Recorded data Block Start
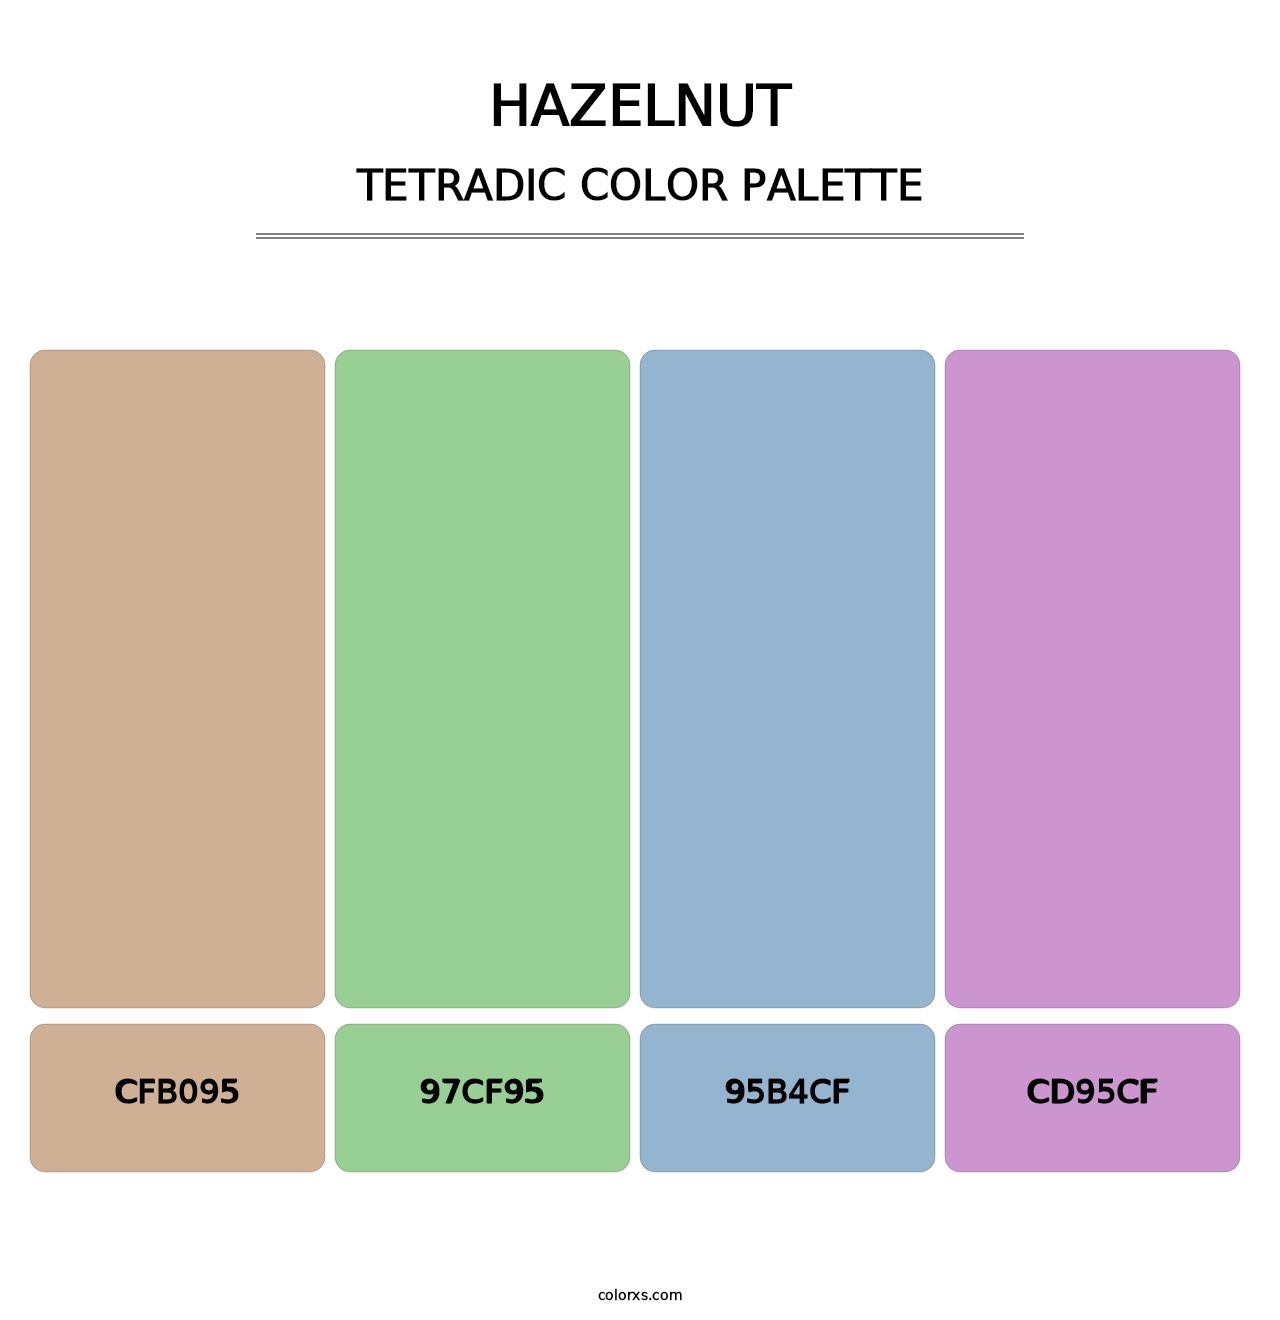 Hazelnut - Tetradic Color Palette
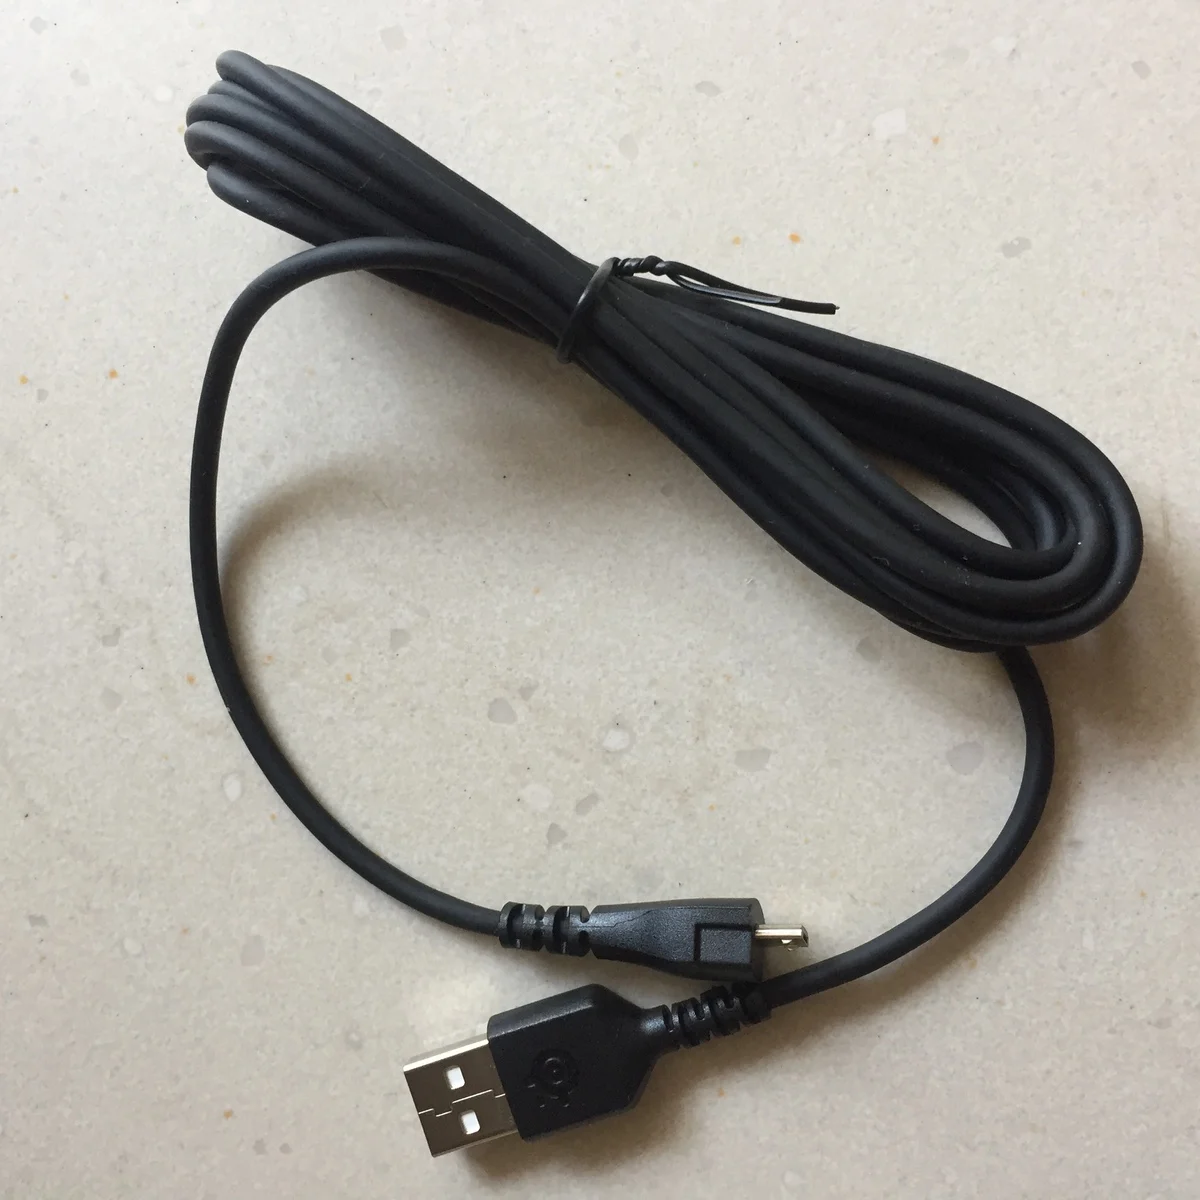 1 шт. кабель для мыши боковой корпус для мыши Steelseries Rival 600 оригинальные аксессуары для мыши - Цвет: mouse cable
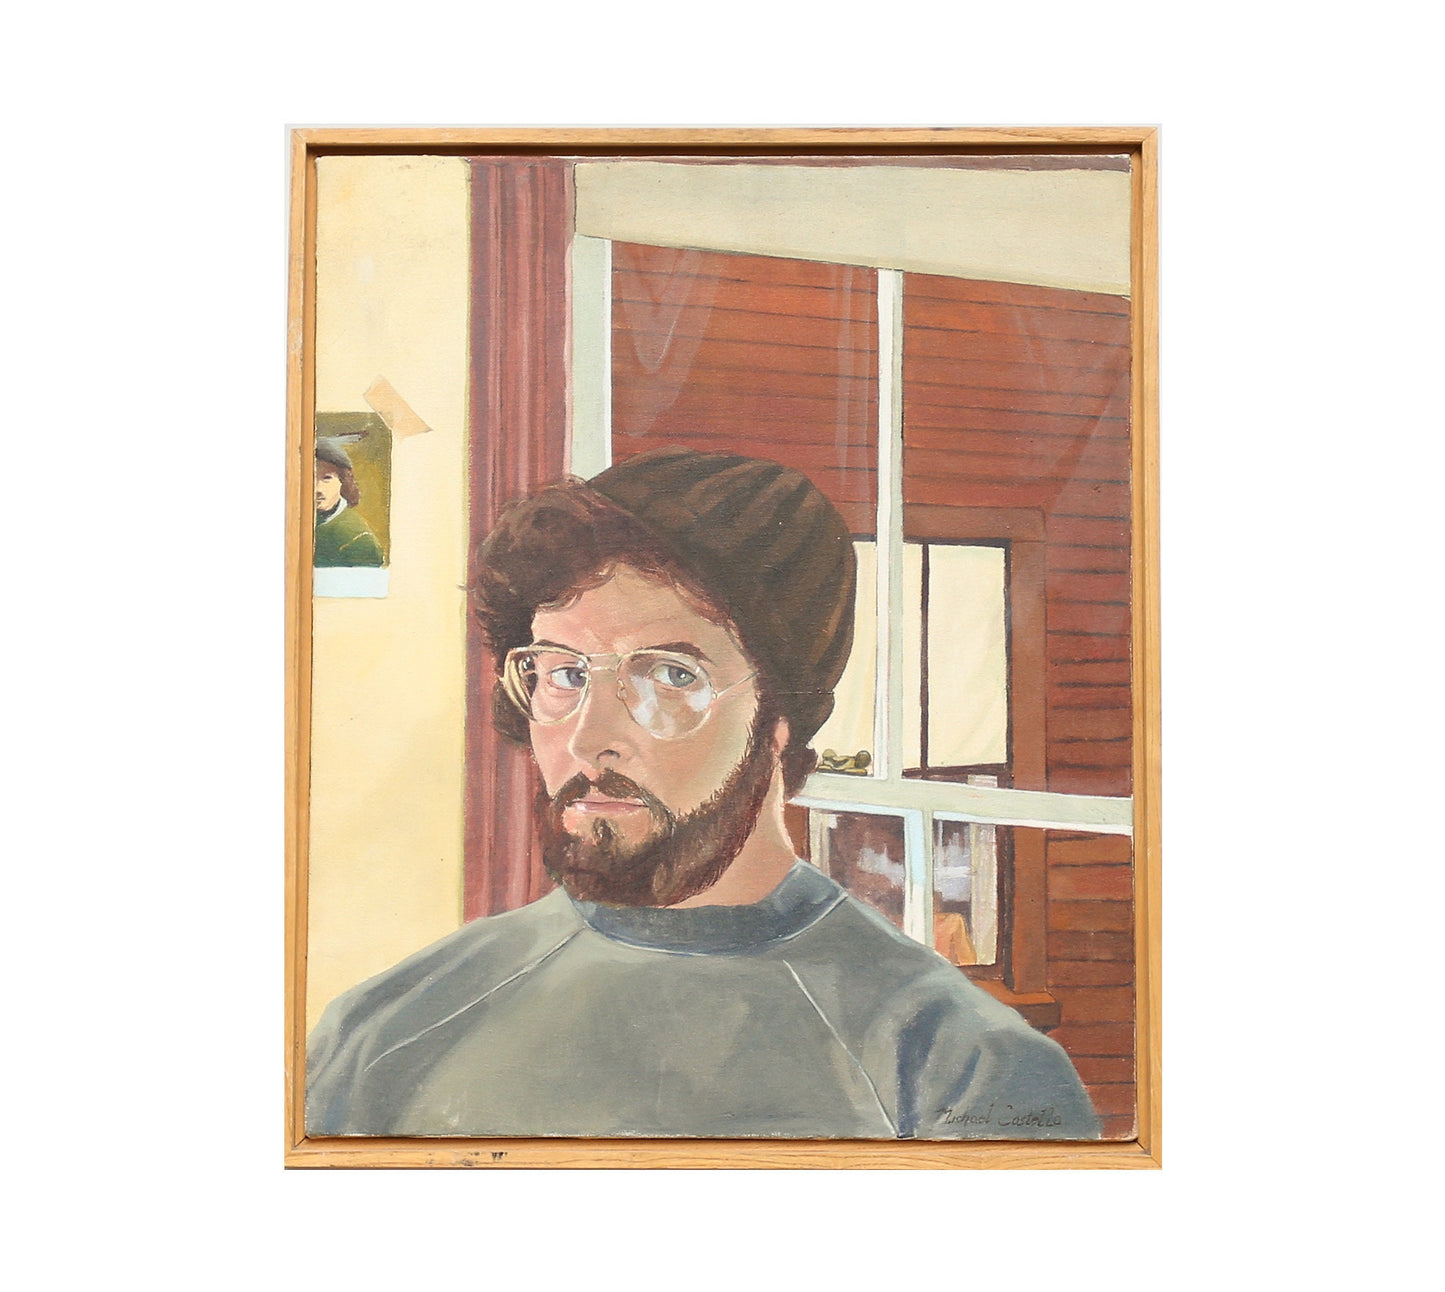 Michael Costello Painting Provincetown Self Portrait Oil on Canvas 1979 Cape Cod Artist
Recorded data Block End
• Work order:
Return all the lines above exactly; none of the pictures should appear.

• Written answer:
 Hazelnut - Tetradic Color Palette
 1 шт. кабель для мыши боковой корпус для мыши Steelseries Rival 600 оригинальные аксессуары для мыши - Цвет: mouse cable
 Michael Costello Painting Provincetown Self Portrait Oil on Canvas 1979 Cape Cod Artist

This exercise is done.